Kelly pitched the third, and then Price scattered four hits and a walk while throwing 57 pitches in his longest outing since July. Since going to the bullpen in September after missing most of the season with elbow problems, Price has made seven straight scoreless appearances.

“He’s a machine. He’s a competitor. And when he’s on the mound he’s going to give everything he has,” Ramirez said. “That’s him. That’s his attitude. And that’s why he’s here.”

Astros starter Brad Peacock escaped the second inning with a 3-1 lead despite loading the bases with nobody out, but he ran into bigger trouble in the third.

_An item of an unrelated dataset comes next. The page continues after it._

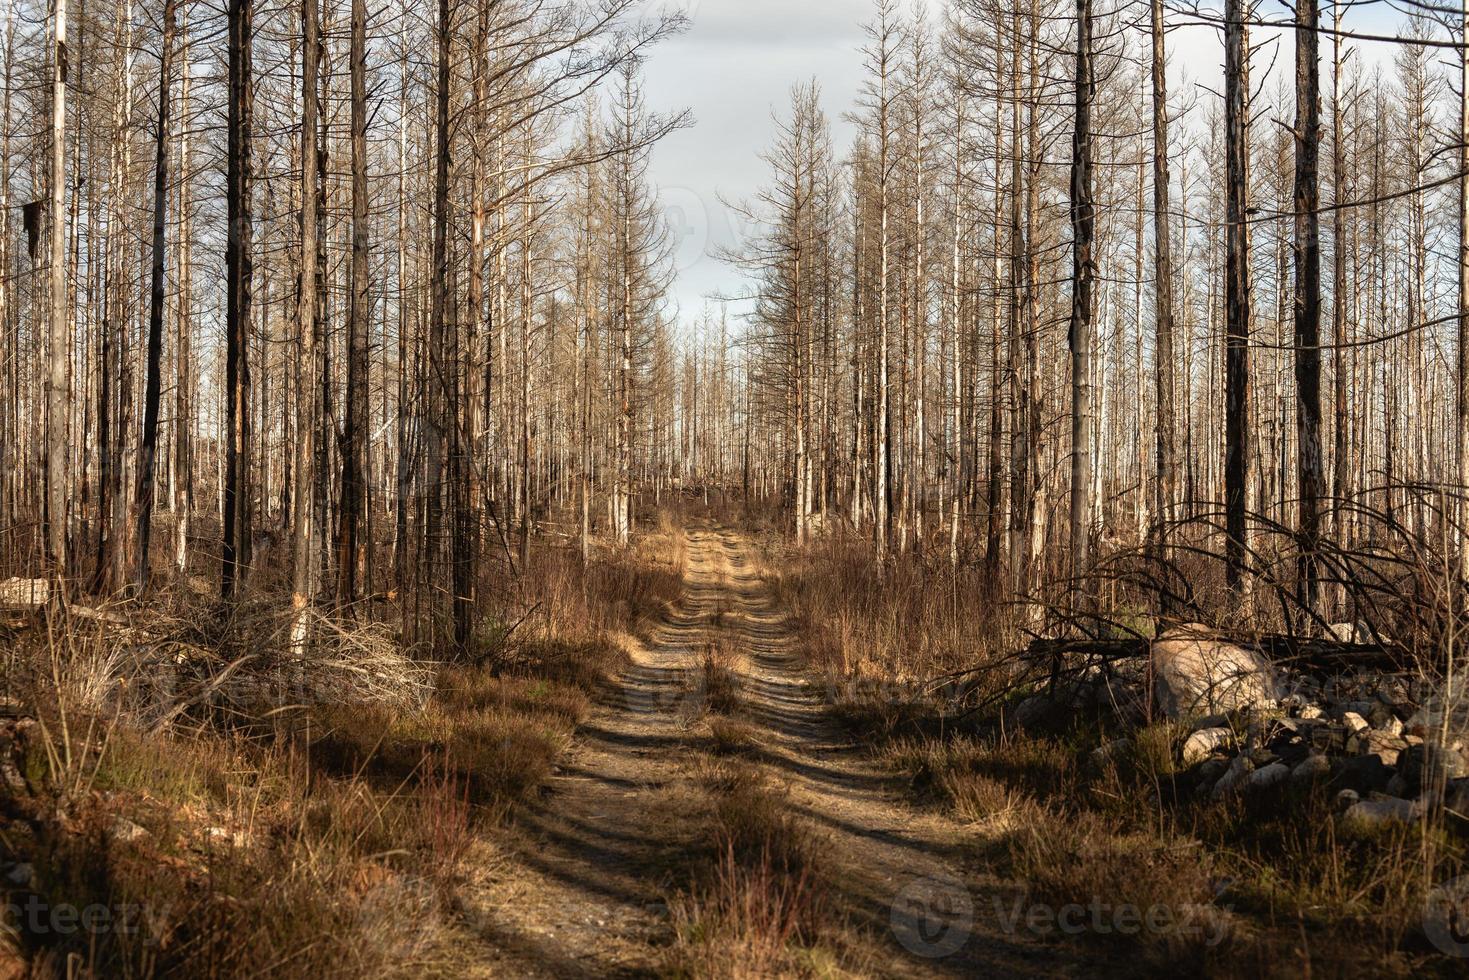 camino de tierra en un bosque de invierno foto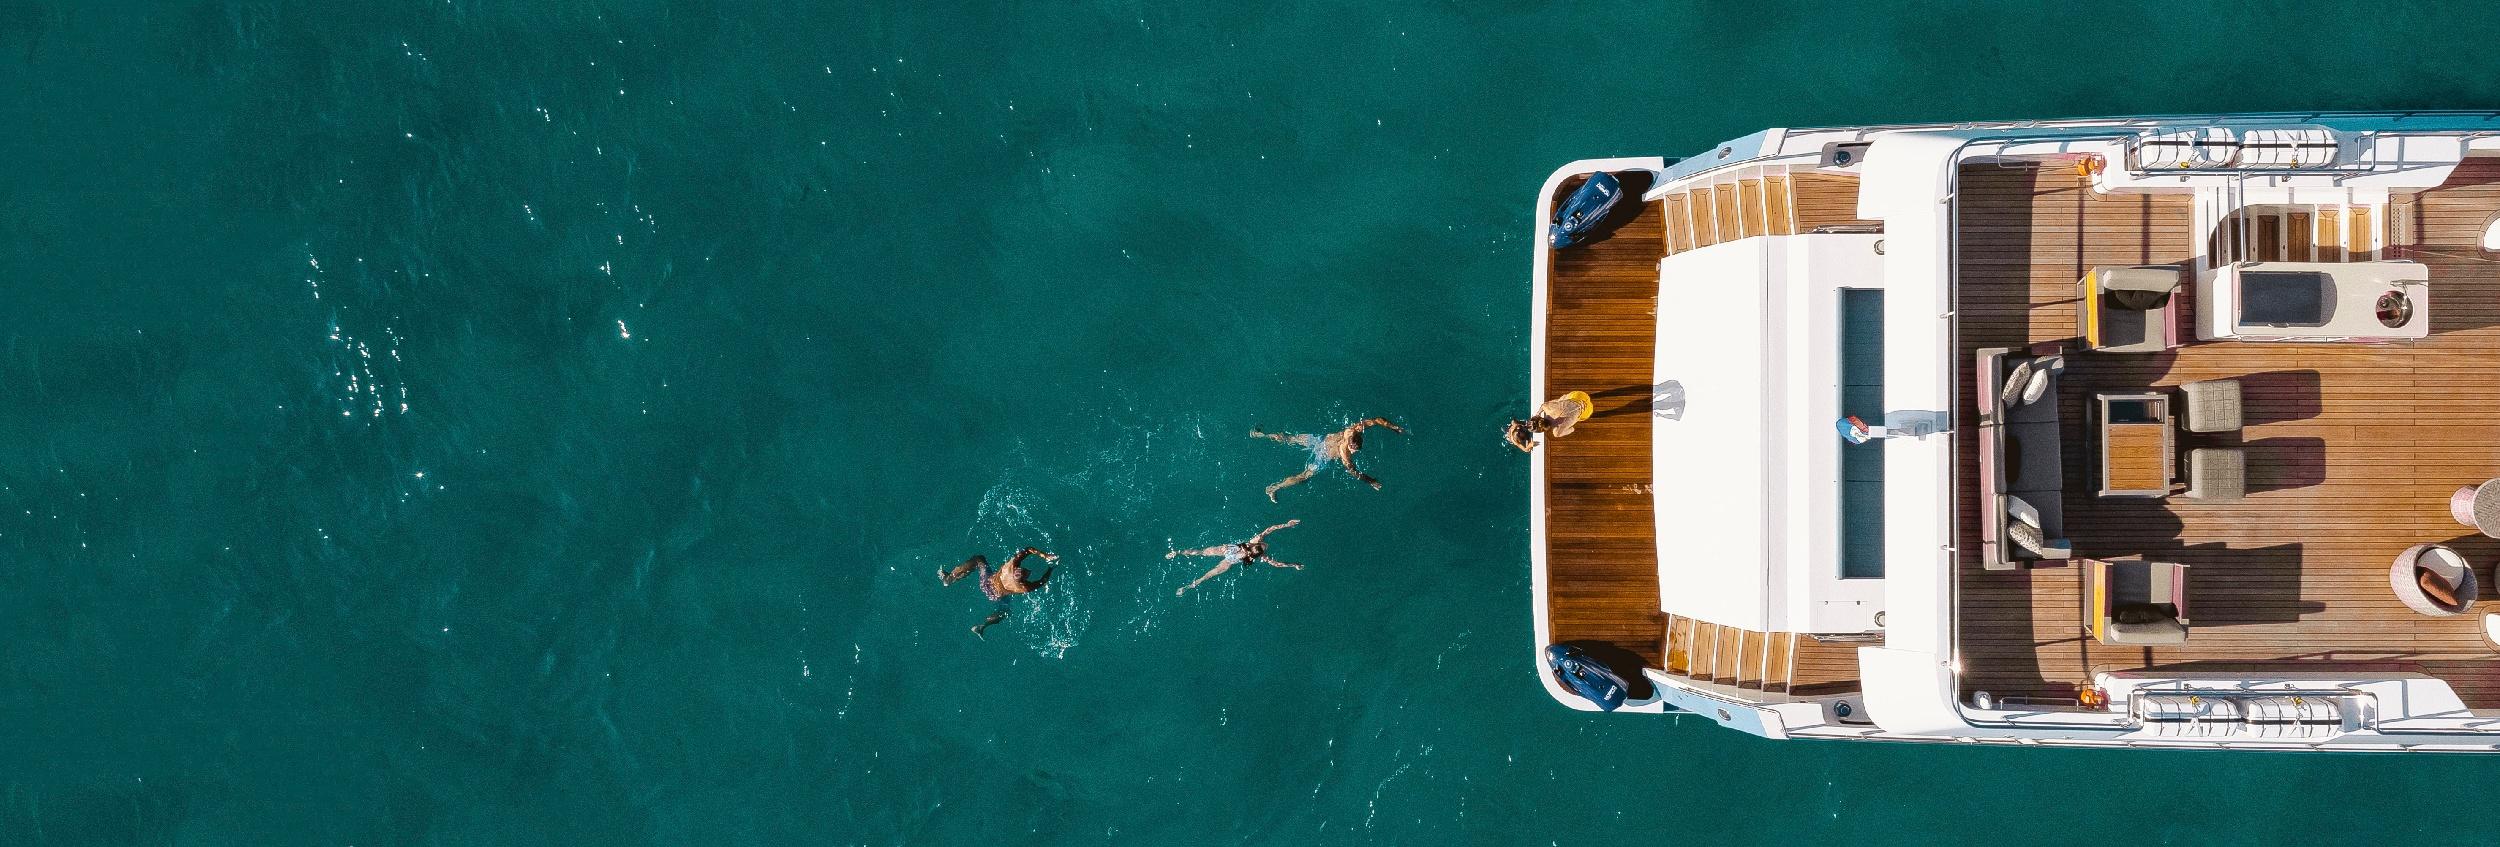 Nomad Yachts

After Peacock struck out Boston’s No. 3 and 4 hitters, Andrew Benintendi and Betts, Moreland doubled and scored on Ramirez’s line drive over left fielder Marwin Gonzalez’s outstretched glove. Francisco Liriano gave up Devers’ two-run homer to right that gave Boston a 4-3 lead — its first in 44 postseason innings dating to Game 1 of the 2016 ALDS.

Peacock allowed three runs and six hits in 2 2/3 innings. Liriano got just one out while allowing one run and two hits for the Astros, who have never swept a postseason series.

Ramirez, who was on the bench to start Game 1, drove in two more runs with a seventh-inning double before Bradley’s homer bounced off Reddick’s glove and into the stands behind the Pesky Pole.

“You like any player that is willing to step up and speak and then back it up,” Red Sox manager John Farrell said, noting that Ramirez vowed Saturday that the team would not be swept in two straight years. “He had that energy ... it was fantastic. He had a big day.”